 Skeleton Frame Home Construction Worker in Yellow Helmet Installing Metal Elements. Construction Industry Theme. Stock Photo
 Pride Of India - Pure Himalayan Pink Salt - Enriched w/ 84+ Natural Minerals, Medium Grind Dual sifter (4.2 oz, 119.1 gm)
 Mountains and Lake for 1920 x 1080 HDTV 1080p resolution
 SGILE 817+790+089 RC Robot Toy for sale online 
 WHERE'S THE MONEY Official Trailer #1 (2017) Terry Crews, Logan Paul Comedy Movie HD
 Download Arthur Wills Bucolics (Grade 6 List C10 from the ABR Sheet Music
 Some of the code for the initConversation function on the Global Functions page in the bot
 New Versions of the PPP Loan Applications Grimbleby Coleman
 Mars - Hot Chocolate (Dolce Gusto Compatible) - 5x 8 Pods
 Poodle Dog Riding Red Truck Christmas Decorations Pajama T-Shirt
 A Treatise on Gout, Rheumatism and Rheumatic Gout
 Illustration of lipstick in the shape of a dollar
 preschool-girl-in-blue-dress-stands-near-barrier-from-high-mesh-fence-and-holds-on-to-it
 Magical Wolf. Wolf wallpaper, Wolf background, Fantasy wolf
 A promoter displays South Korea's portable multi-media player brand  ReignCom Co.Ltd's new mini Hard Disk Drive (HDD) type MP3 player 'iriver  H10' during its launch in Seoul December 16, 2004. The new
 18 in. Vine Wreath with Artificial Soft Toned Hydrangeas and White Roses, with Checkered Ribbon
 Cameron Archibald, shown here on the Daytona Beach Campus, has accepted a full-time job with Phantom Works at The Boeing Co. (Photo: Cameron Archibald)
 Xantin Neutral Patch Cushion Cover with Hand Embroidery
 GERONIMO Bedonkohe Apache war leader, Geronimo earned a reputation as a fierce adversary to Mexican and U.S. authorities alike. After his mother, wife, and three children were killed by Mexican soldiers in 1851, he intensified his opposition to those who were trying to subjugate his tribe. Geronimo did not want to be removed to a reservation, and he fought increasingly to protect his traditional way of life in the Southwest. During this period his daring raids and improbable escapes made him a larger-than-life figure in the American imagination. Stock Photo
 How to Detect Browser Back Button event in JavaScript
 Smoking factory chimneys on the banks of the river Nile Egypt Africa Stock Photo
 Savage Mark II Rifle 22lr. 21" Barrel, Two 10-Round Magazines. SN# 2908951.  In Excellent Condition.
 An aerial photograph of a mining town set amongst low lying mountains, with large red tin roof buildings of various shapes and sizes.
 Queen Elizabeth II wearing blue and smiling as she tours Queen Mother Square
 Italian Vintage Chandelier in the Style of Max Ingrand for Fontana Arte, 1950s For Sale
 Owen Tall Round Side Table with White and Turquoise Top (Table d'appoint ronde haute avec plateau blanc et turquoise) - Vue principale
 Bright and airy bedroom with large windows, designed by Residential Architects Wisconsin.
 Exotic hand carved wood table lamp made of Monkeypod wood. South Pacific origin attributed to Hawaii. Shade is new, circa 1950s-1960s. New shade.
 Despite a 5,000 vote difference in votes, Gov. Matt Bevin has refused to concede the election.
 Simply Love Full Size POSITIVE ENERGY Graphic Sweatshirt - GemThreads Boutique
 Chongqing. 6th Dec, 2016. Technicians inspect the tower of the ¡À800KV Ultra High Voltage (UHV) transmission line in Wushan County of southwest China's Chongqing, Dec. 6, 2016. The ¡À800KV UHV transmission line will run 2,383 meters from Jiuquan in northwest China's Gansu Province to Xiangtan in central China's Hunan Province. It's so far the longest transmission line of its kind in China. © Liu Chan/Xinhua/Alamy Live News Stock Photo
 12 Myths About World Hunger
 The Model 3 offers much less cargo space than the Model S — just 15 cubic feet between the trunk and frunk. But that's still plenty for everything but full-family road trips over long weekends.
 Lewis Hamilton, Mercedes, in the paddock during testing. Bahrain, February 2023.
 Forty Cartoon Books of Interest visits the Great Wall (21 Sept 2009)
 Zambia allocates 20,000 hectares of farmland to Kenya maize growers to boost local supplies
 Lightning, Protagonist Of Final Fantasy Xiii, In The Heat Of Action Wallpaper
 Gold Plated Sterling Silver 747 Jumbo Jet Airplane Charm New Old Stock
......
* _Task requirements_
One inclusive range is required: first line of the data through the line containing "Pride Of India". Set it down exactly and output nothing else.

* _Result_
 Skeleton Frame Home Construction Worker in Yellow Helmet Installing Metal Elements. Construction Industry Theme. Stock Photo
 Pride Of India - Pure Himalayan Pink Salt - Enriched w/ 84+ Natural Minerals, Medium Grind Dual sifter (4.2 oz, 119.1 gm)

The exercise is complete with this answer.